The quote, taken from Associated Press reports, illustrates the continued belief that Castro’s reign will end soon. Long rumored to be ill, Castro, now 81, actually ceded presidential responsibilities to his brother Raul when he began treatment for intestinal illnesses in 2006.

As vice president, Raul Castro stands in line to assume power when Fidel dies. Raul, 76, is not viewed as a powerful, dynamic leader, and many speculate he could not control Cuba in the aftermath of his brother’s death. This would present an opportunity for the U.S., with or without U.N. assistance, to support revolutionaries in a march to democracy and the formation of a new U.S.-friendly government.

The U.S. is often accused of doing the right thing for the wrong reason. Right or wrong, many agree the U.S. only intercedes when it can benefit from the situation. In the case of Cuba, everyone but the current regime would benefit. Aside from opening its untouched shores to a lucrative tourism market, the Cuban economy would experience tremendous growth from renewing relations with the U.S. and other nations affected by the current trade restrictions.

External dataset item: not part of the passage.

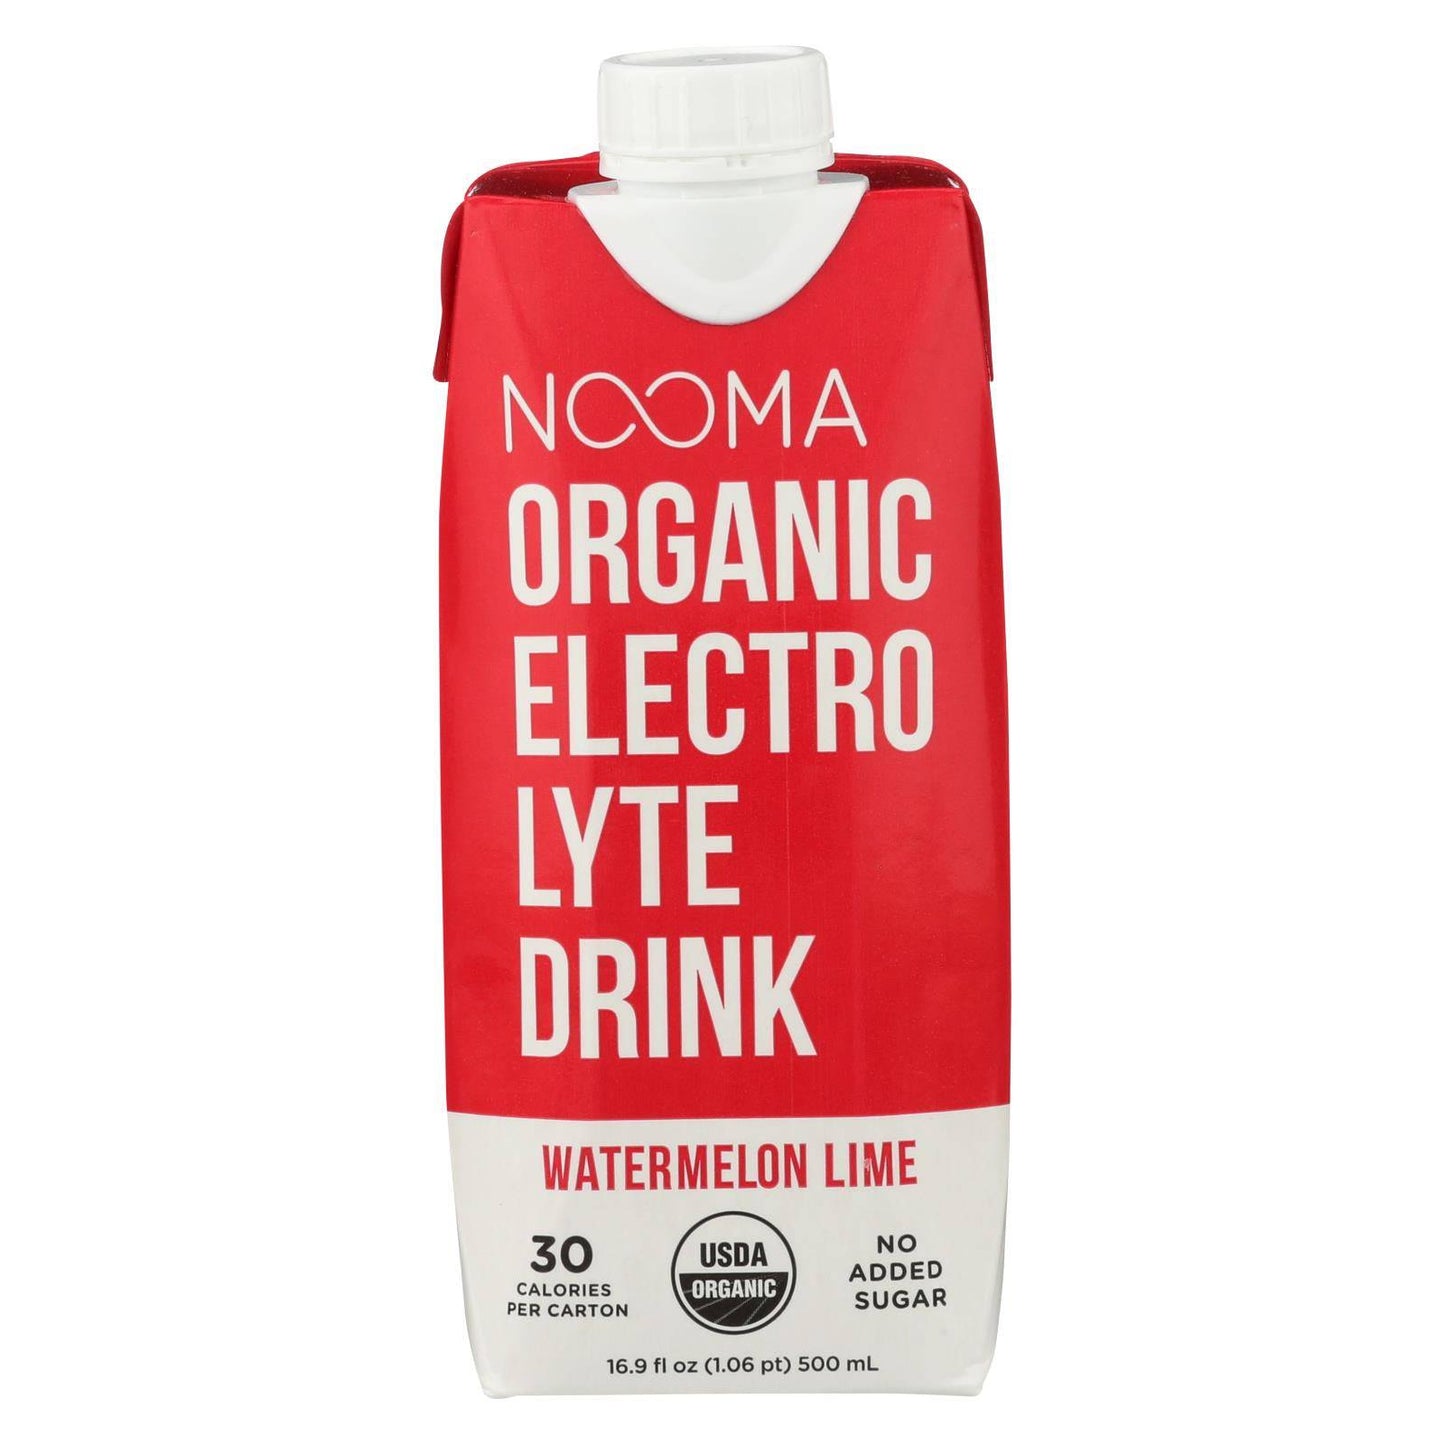 Buy Nooma Electrolite Drink - Organic - Watermelon Lime - Case Of 12 - 16.9 Fl Oz  at OnlyNaturals.us

Still widely known for its tobacco crops, Cuban soil has advantages in several agricultural areas. The fertile island soil and tropical climate combine to give Cuba an unmatched ability to grow cheap, high quality sugar. Cuban sugar, not cigars, has the power to rejuvenate the Cuban economy and help the U.S. with its fuel shortage problem.

As environmentalist groups steer energy innovation into alternative fuels, the price of corn rises to meet ethanol demands. The prices of corn products, from tortillas to corn syrup, also rise.

If the U.S. could trade freely with a democratized Cuba, we could buy cheap Cuban sugar. Then instead of sweetening our food and drinks, corn could fuel our cars. One could argue helping topple and rebuild Cuba is better for Cubans, better for Americans and better for the environment.